Critics of the 2018 JAHA meta-analysis focused on several limitations and perceived flaws in its methodology and conclusions. Notable among these were its lack of patient-level data as a study-level meta-analysis, the considerable loss to follow-up in the long-term data of the trials comprising it, the mingling of unlike devices (DCB and drug-eluting stents) and their unique paclitaxel coating/excipient formulations, flaws in dose calculations, the likelihood that some control patients were treated with paclitaxel either contralaterally or for subsequent TLR, the potential presence of several forms of bias, and the insufficient powering of its included trials to drive long-term endpoints they were not designed to primarily assess, such as mortality beyond 1 year. Additionally, the deaths observed in the trials were wide-ranging in their recorded causes, and no deaths or adverse events were determined to be related to paclitaxel by the respective clinical events committees, although this determination is challenging in a patient population with comorbid conditions, increasingly so as data reach longer terms.
In their 2020 JVIR publication, the authors sought to explore the safety of paclitaxel-based devices in the CLI patient population, which comprised only a small portion of patients in the previous meta-analysis. All of the trials in the 2020 JVIR paper evaluated BTK device use, whereas the previous study solely focused on femoropopliteal lesions. Other notable distinctions include that only DCBs were included, and of particular note, the 2020 JVIR study included only trials with follow-up out to 12 months, which is notable in that the late mortality signal of the 2018 JAHA meta-analysis was not present at this interval.
The current CLI meta-analysis in JVIR was provided to Endovascular Today under embargo prior to publication. Under the embargo, Endovascular Today was able to solicit commentary from the meta-analysis authors, as well as other expert voices for inclusion in this coverage. The following represents key areas of discussion and critique provided by each respondent via separate interviews, as well as rationale and explanations provided by several of the meta-analysis authors.

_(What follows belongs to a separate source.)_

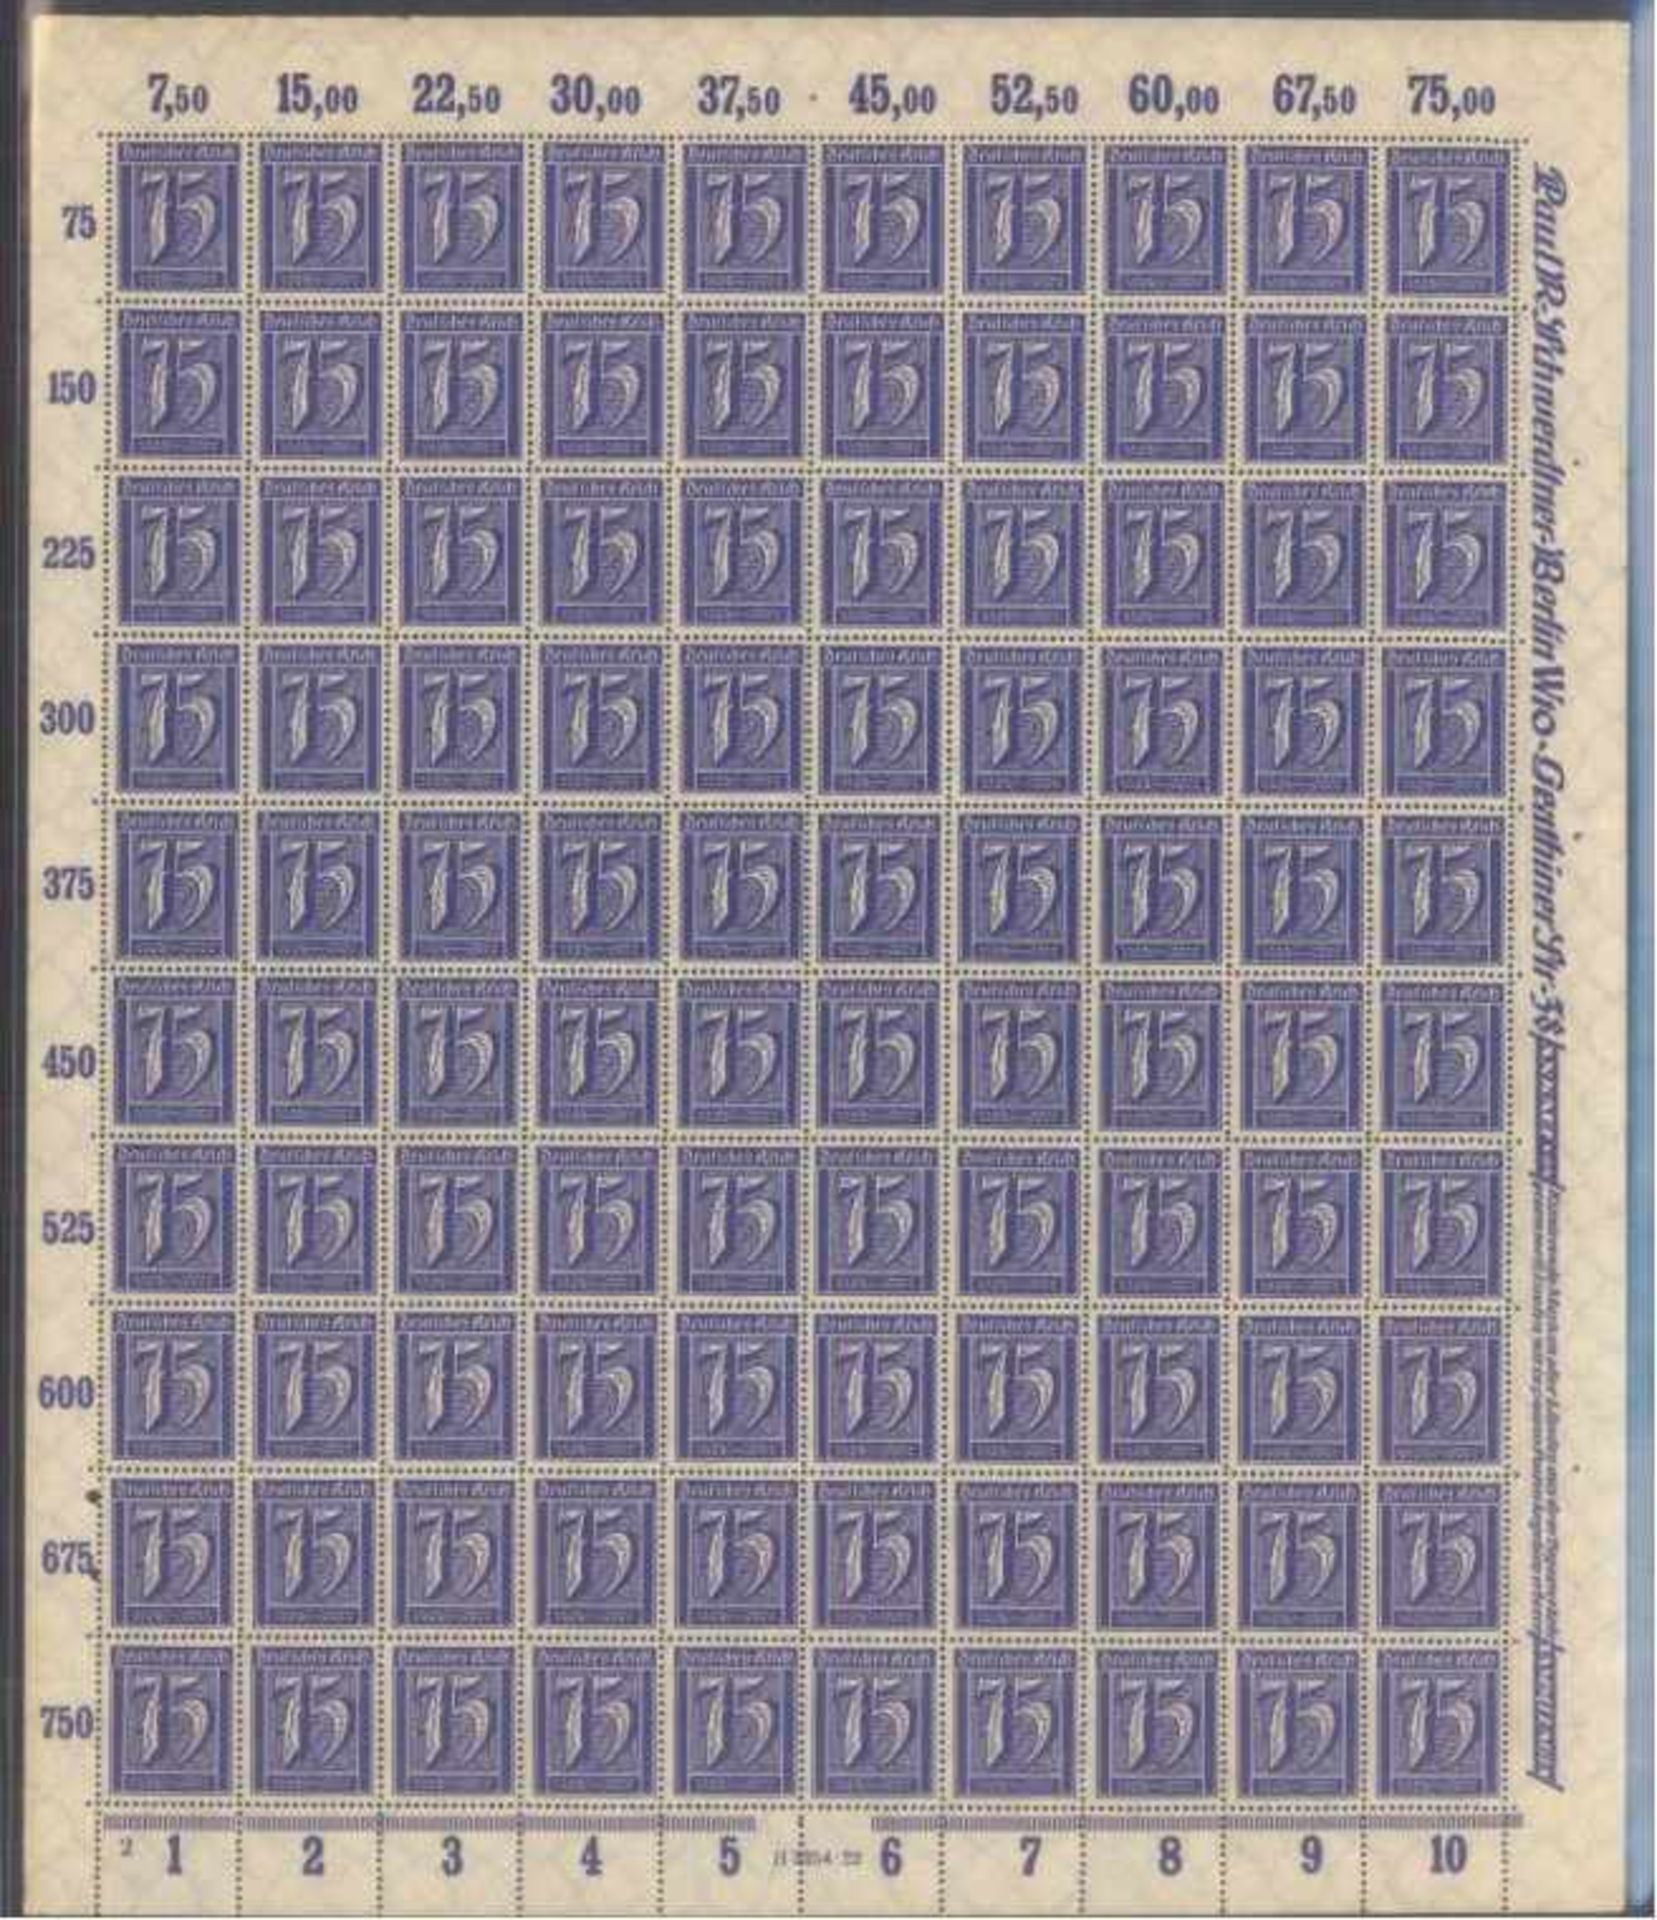 DEUTSCHES REICH INFLA 1921-1923, Bogensammlungpostfrische Sammlung von 24 kopmpletten Bogen.

Study- Versus Patient-Level Analysis
Addressing the authors’ decision to again employ a study-level model given the criticisms of this approach in response to the 2018 JAHA article, lead author Konstantinos Katsanos, MSc, MD, PhD, EBIR, of Patras, Greece, explained, “Our 2018 paper was a study-level meta-analysis of 28 randomized controlled trials documenting an increased long-term risk of death in case of the paclitaxel-treated subjects suffering from intermittent claudication. This was confirmed by the FDA investigations and the VIVA individual patient data meta-analysis of the subset of major industry-sponsored trials. Unless there is significant underlying intertrial heterogeneity (eg, clinical diversity—heterogeneous patient and/or lesion populations), the results of study-level and patient-level analyses are mostly in agreement. We therefore employed a study-level model again. I will also note that we have been refused access to patient-level data time and time again. Of course, individual patient data meta-analyses are advantageous in the interrogation of subset effects by avoiding Simpson’s paradox.”
Maintaining some of the more contentious study design elements of the previous meta-analysis while changing others was perplexing to several commentators speaking to Endovascular Today.

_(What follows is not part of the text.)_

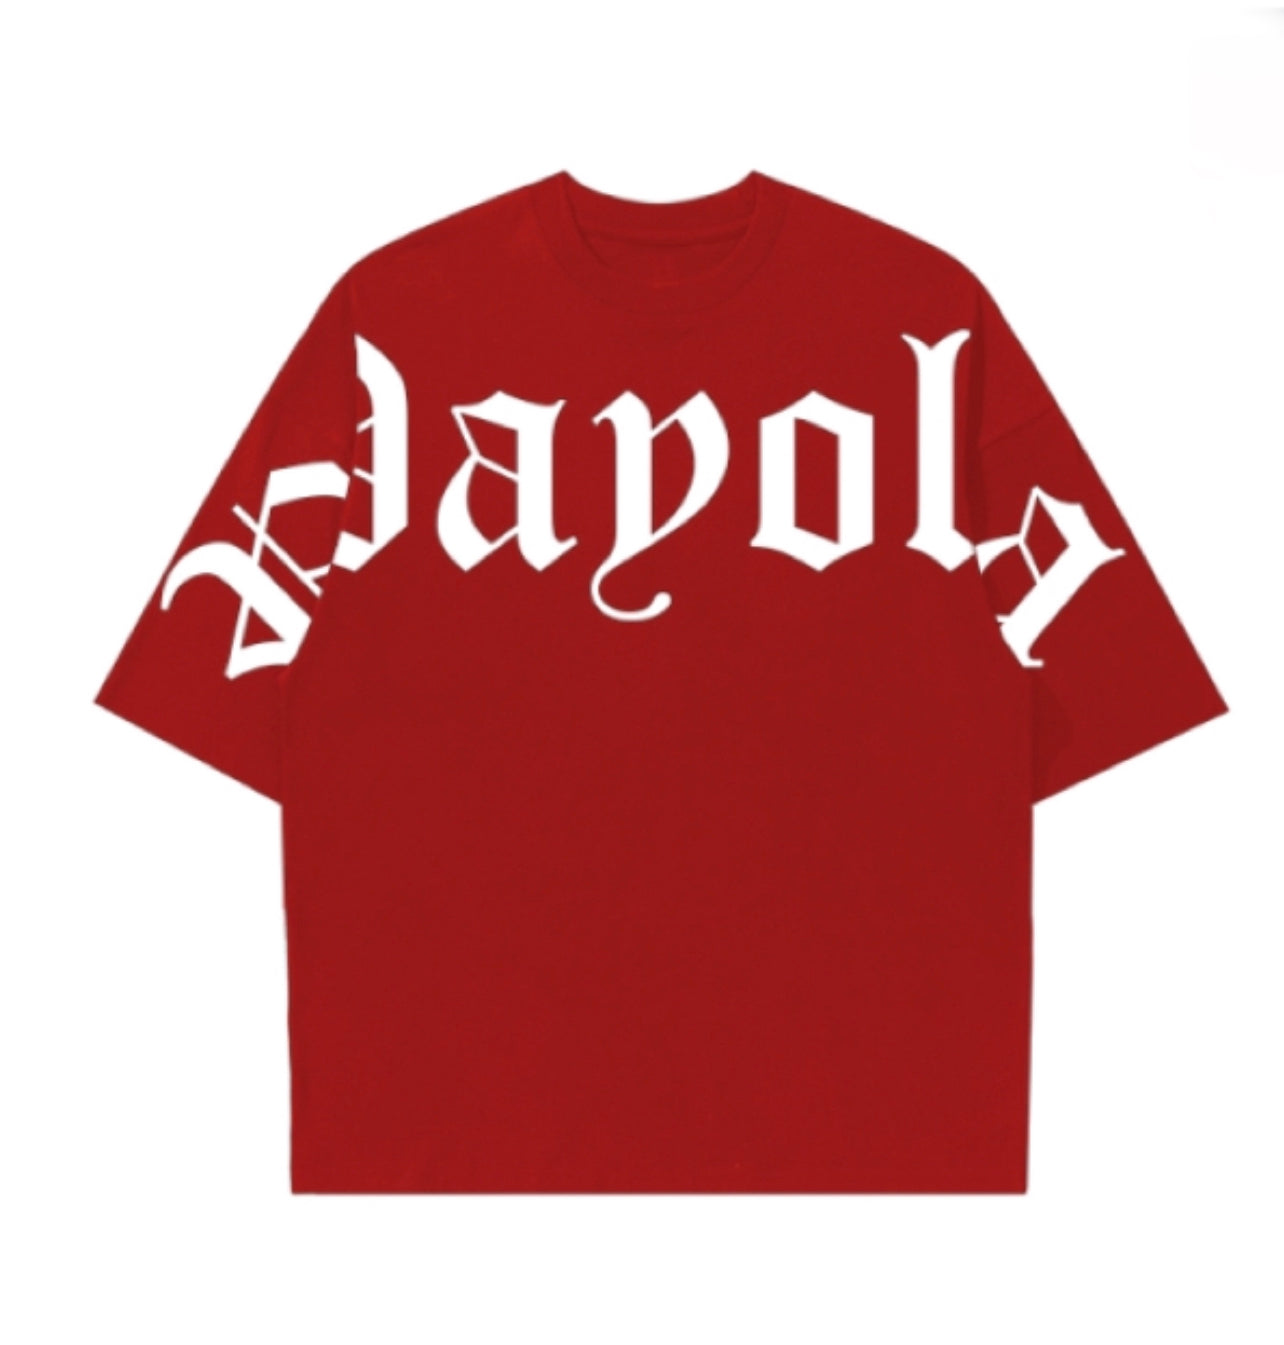 Payola Old English Shirt (Red)

“Although the statistical methods used by the authors can be considered sound, the FDA in their further analysis has required the medical industry to provide patient-level data,” said Jos C. van den Berg, MD, PhD, of Lugano, Switzerland. “Still, in this new article, only study-level data are used. I believe that this will again lead to a lot of discussion in the upcoming months. Also, other aspects like the number of patients that were available for follow-up and the intention-to-treat form of analysis may again lead to renewed discussion.”

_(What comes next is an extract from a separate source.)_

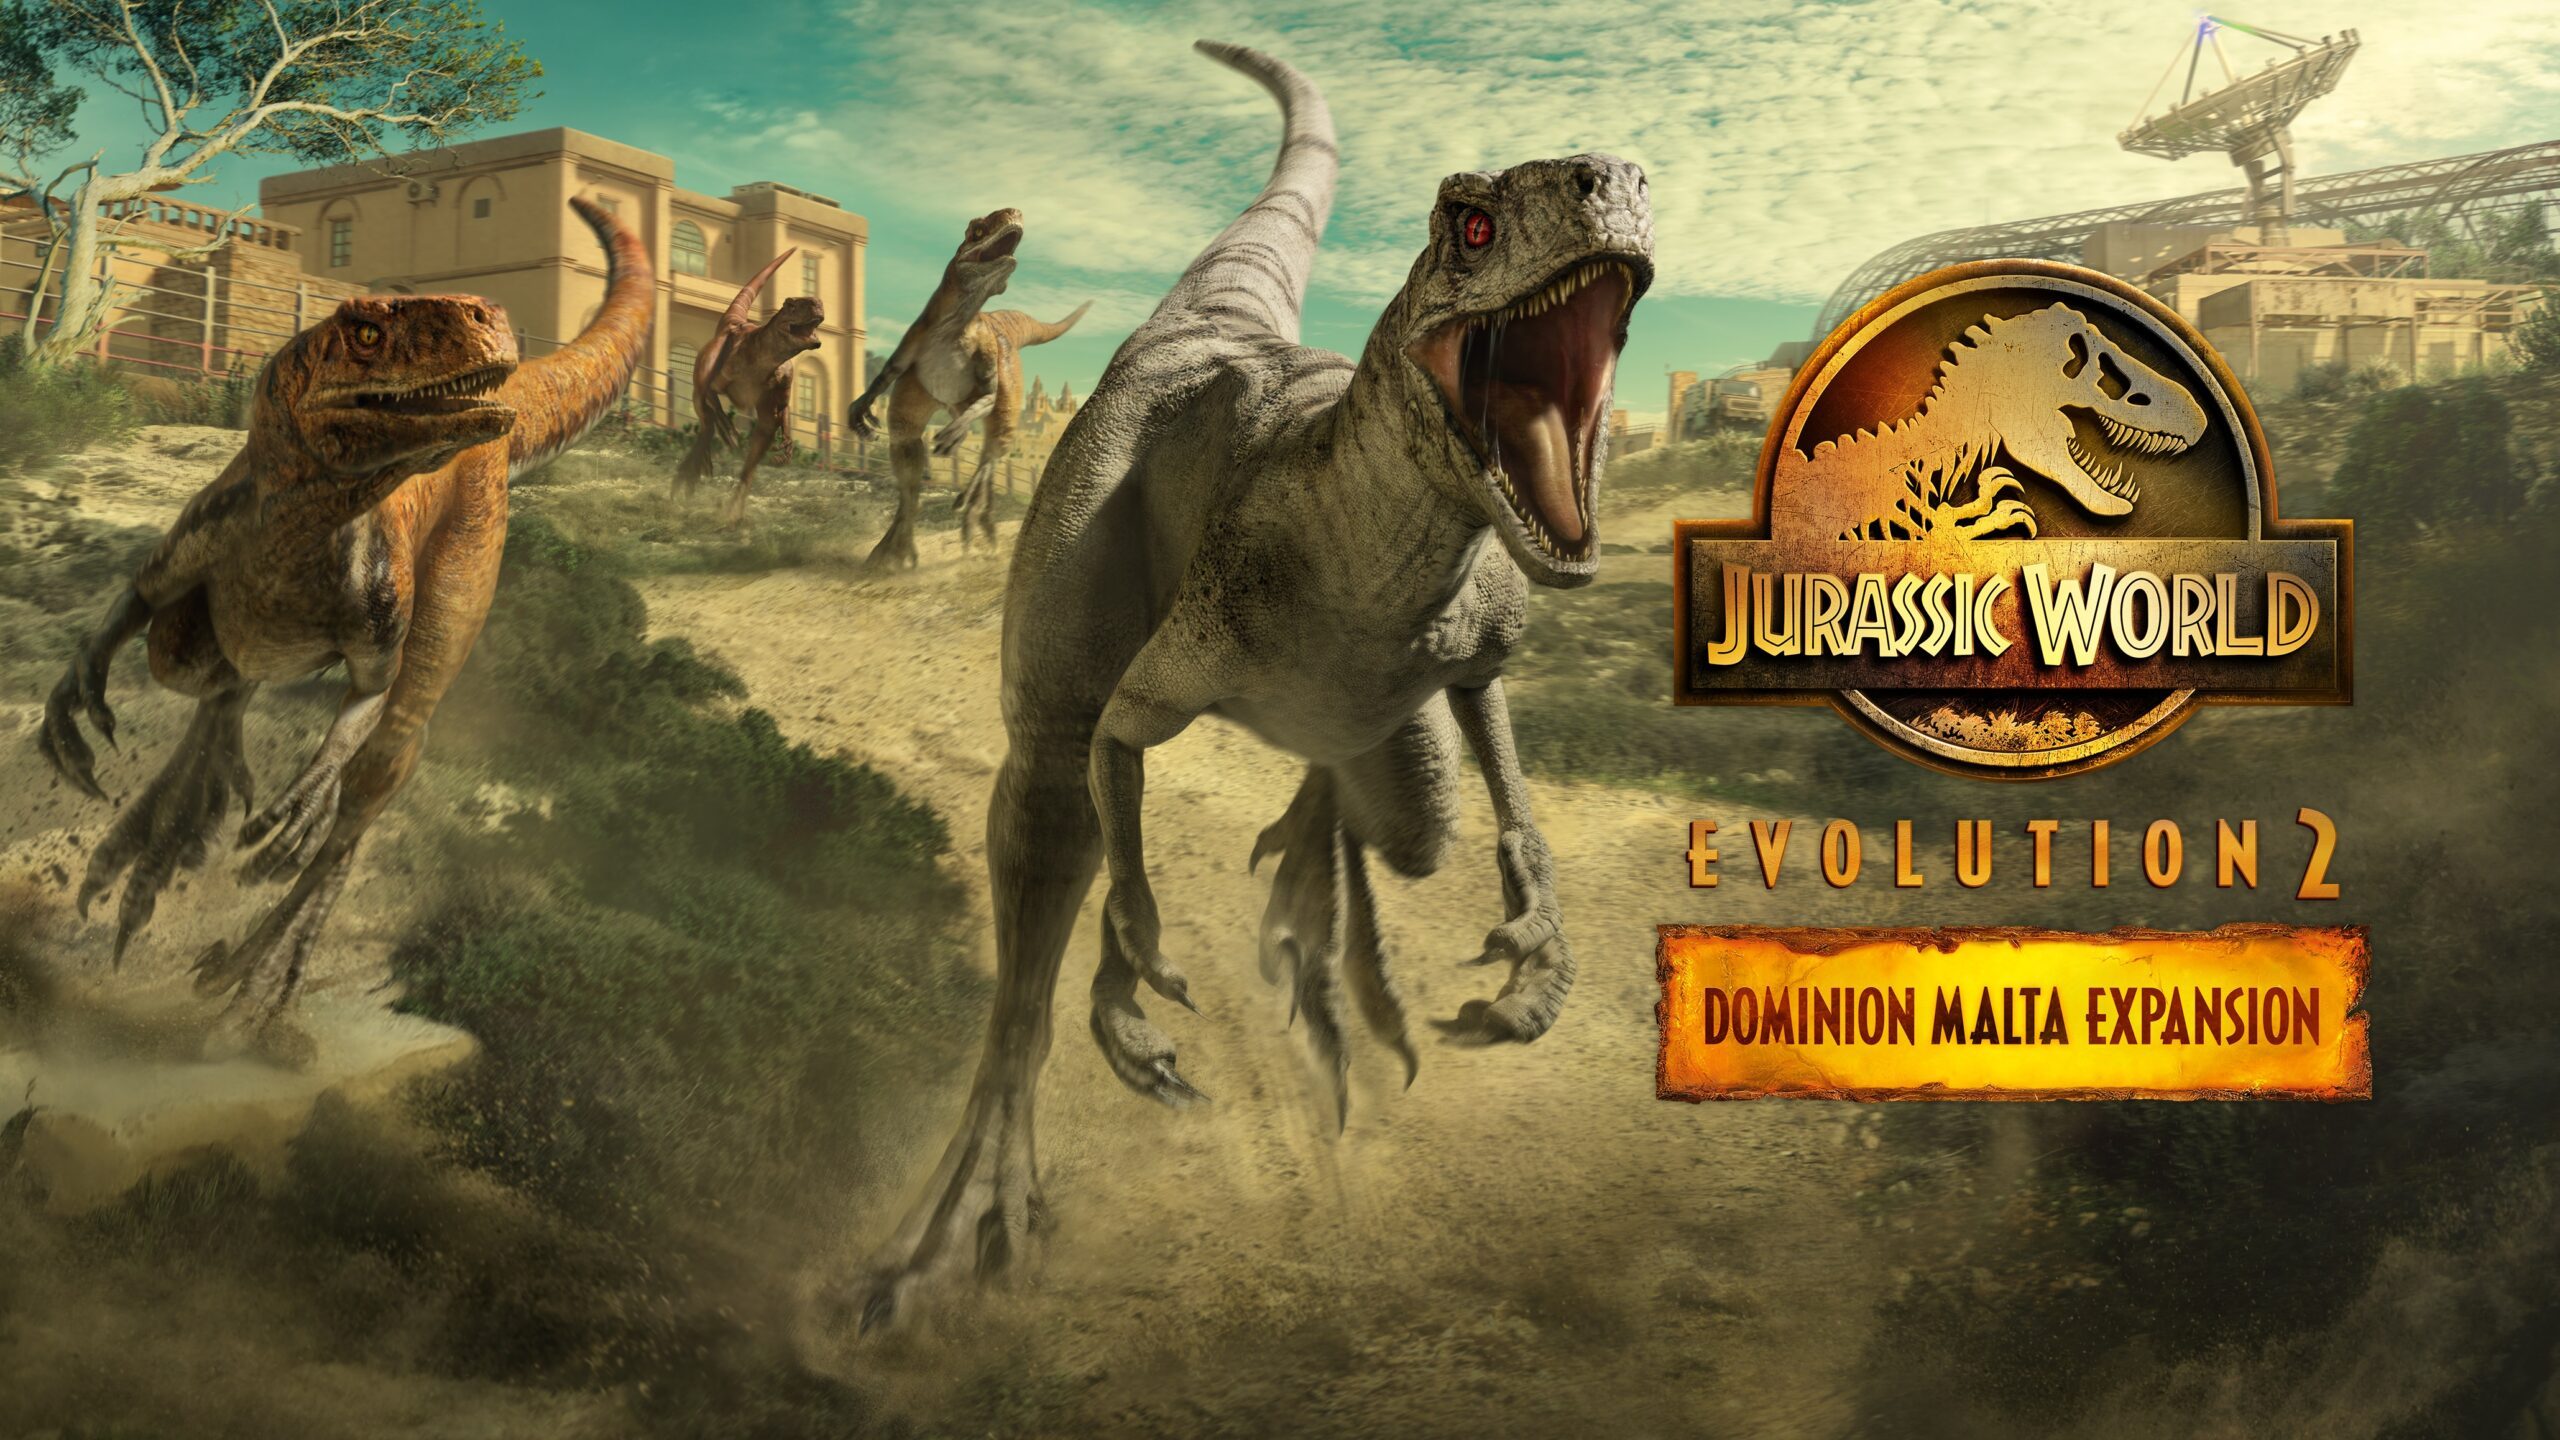 Jurassic world dominion movie download telegram

William A. Gray, MD, of Wynnewood, Pennsylvania, commented that “the total number of subjects in the analysis is far too small to make definitive statements without concern of a type I error.” As was the case with the 2018 JAHA meta-analysis methodology, Dr. Gray disagrees with the authors’ choice to use the total number of subjects enrolled as the denominators, rather than the numbers available for follow-up at 1 year, despite several of the published papers having CONSORT diagrams defining their patient flow. “The missingness of data is not always balanced between arms, as appears to be evident in the continuing data collection in the FDA SFA meta-analysis, which is narrowing the differences between groups,” he said.
Dr. Katsanos addressed this decision, commenting, “This is the standard approach in performing meta-analyses on the intention-to-treat principle. However, selection bias may be introduced if there are major differences in the rates of patients lost to follow-up or unavailable for follow-up between the active and control arms.”
Deciding the Endpoints: Mortality Versus Amputation-Free Survival
One of the concerns raised by several commentators discussing the 2020 JVIR publication with Endovascular Today was the change from an all-cause mortality endpoint in the previous meta-analysis to a composite amputation-free survival endpoint in the CLI study. Also at issue was the shorter duration of follow-up compared with the previous meta-analysis.
“When investigating novel endovascular devices, there are major differences in the hard clinical endpoints between studies for CLI patients and those for claudicants, as these should reflect the clinical symptoms that we are treating,” explained meta-analysis coauthor Stavros Spiliopoulos, MD, PhD, EBIR, FCIRSE, of Athens, Greece, when asked about the differences in designing trials for these populations. “Therefore, in the CLI population, the proper primary clinical endpoints are limb salvage and amputation-free survival, whereas in patients suffering from intermittent claudication, walking distance and reintervention-free interval are more appropriate endpoints.
“Another main difference is the time frame for which all the above mentioned endpoints should be investigated,” continued Dr. Spiliopoulos. “CLI patients are a severely morbid population with disappointedly high short- and midterm mortality rates, mainly due to cardiovascular death, while the majority of major amputations occur within the first year after diagnosis/revascularization. In contrast, claudicants demonstrate significantly better long-term survival and outcomes such as repeat procedures, and patency should be examined in the long-term in order to demonstrate a meaningful improvement in the patients’ quality of life.”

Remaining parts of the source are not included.